This sequence is present at OEIS A171503.
There, Jacob Siehler explains how this sequence correspond to the number of matrices with determinant one and how this number grows as we allow to vary in the set $\{0,1,...,n\}$ of available labels. Its first few terms are: $$3,7,15,23,39,47,71,87,111,127,...$$
There the recursion in the title is told.

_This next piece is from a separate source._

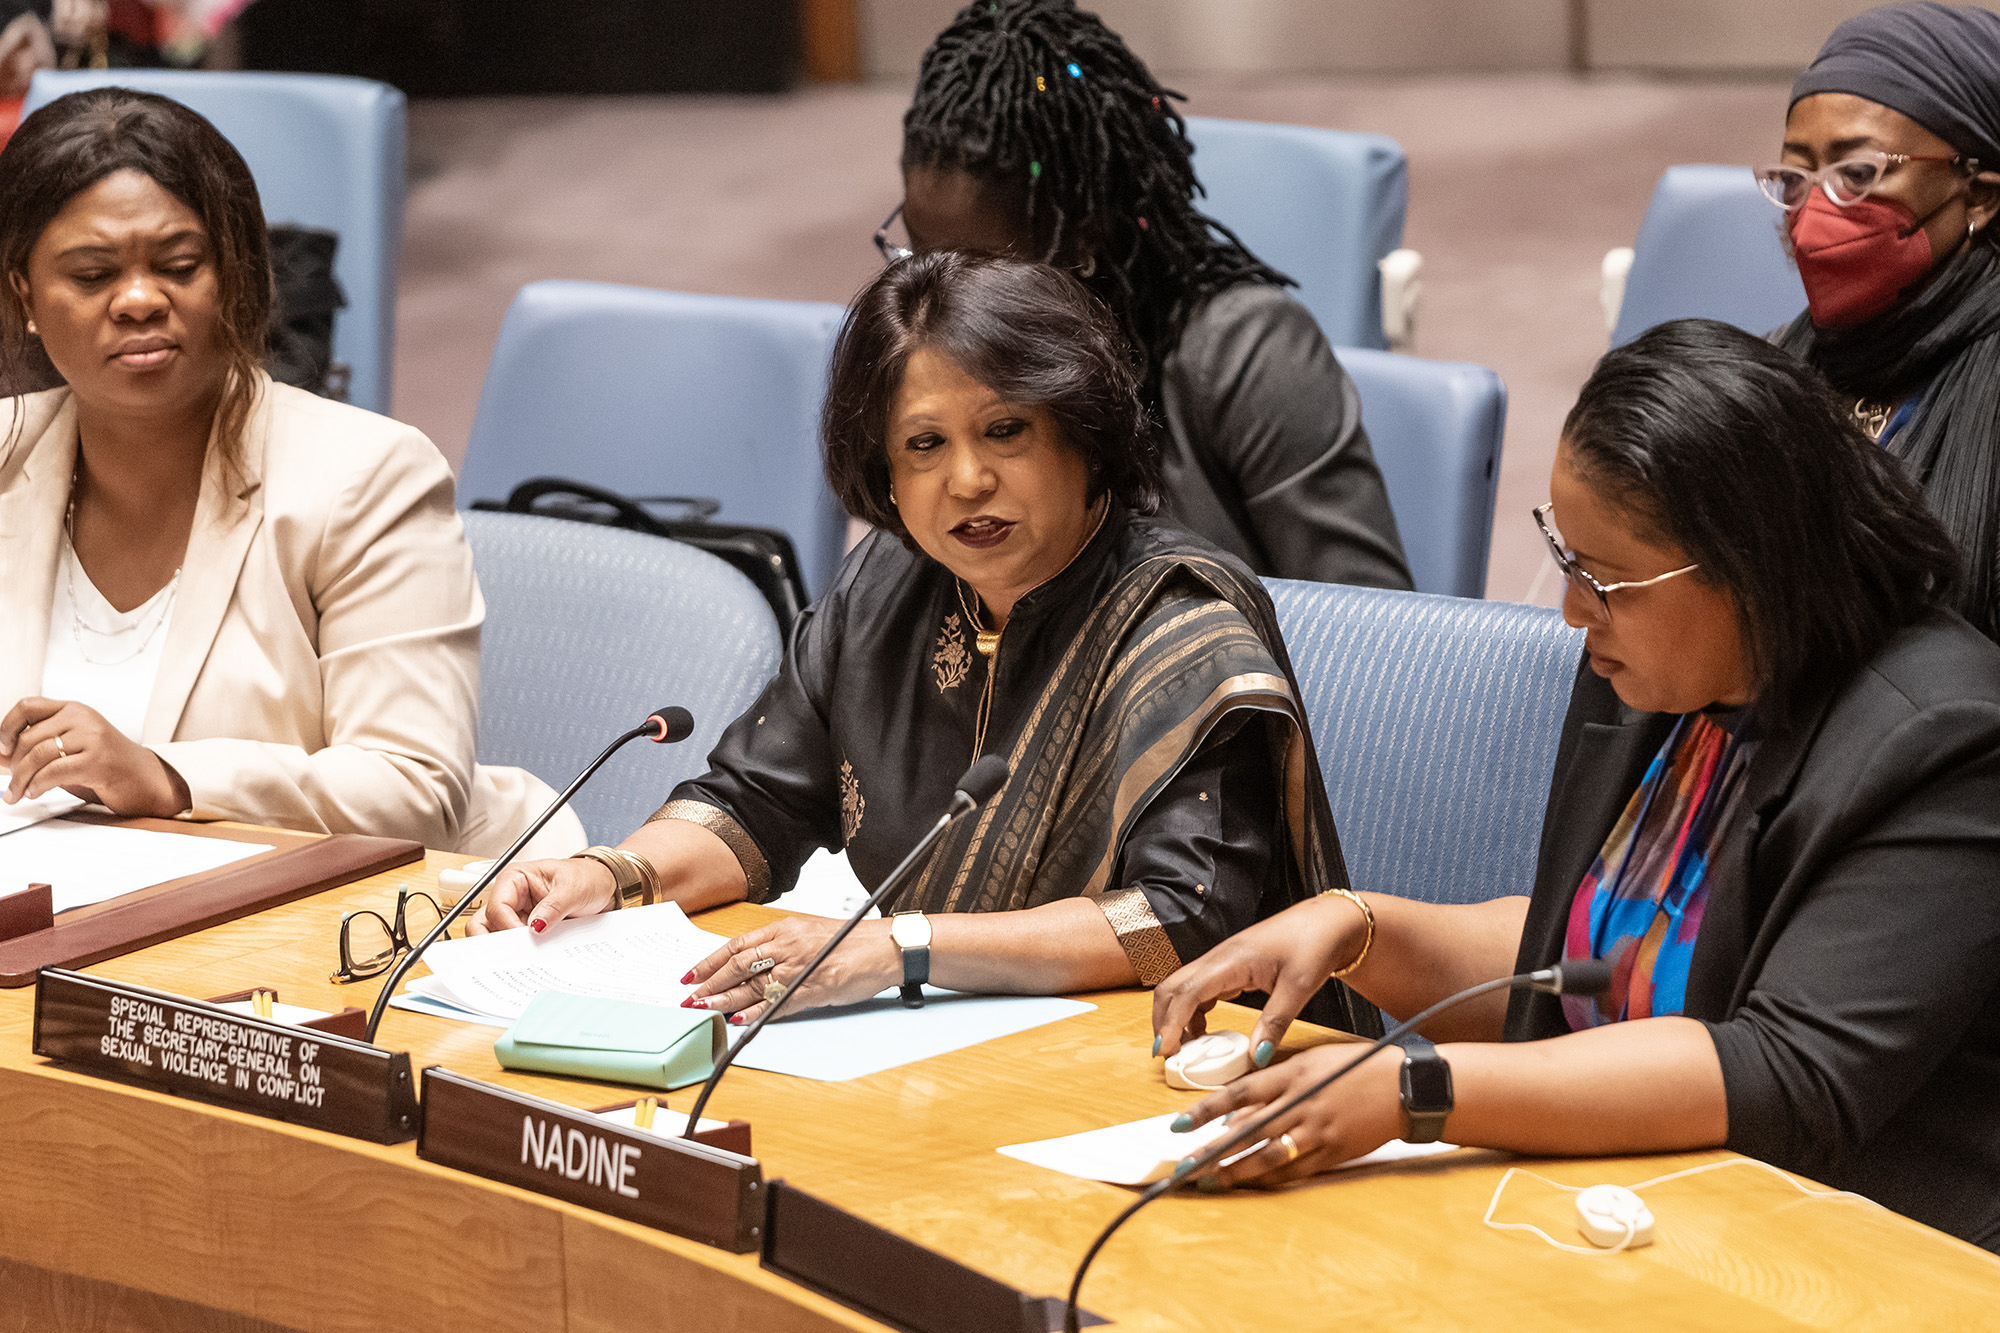 Pramila Patten, representante especial del secretario general de la ONU sobre violencia sexual en los conflictos, habla durante la reunión del Consejo de Seguridad sobre las mujeres y la paz y la seguridad en la sede de las Naciones Unidas en Nueva York el 14 de julio. (Crédito: Lev Radin/Pacific Press/LightRocket/Getty Images)

Further, it is easy to verify that the sequence also counts the number of rational numbers within the labels $\{0,1,...,n\}$ varies:
\begin{eqnarray*} \{0,1\}&--& 0,\pm1/1\\ \\ \{0,1,2\}&--& 0,\pm1/1,\pm2,\pm1/2\\ \\ \{0,1,2,3\}&--& 0,\pm1/1,\pm2,\pm1/2,\\ &&\pm3,\pm1/3,\pm2/3,\pm3/2\\ \\ \{0,1,2,3,4\}&--& 0,\pm1/1,\pm2,\pm1/2,\pm3,\pm1/3,\pm2/3,\pm3/2,\\ &&\pm4,\pm1/4,\pm3/4,\pm4/3\\ \\ \{0,1,2,3,4,5\}&--& 0,\pm1/1,\pm2,\pm1/2,\pm3,\pm1/3,\pm2/3,\pm3/2,\pm4,\pm1/4,\pm3/4,\pm4/3,\\ &&\pm5,\pm1/5,\pm2/5,\pm3/5, \pm4/5,\pm5/2,\pm5/3,\pm5/4 \end{eqnarray*} Evindently we are using of the Eulerphi's function.
In sight of this, and with the aim of increasing the folklore, I am asking if in ours audience (MSE) someone else knows or had found others relations or connections with this interesant sequence.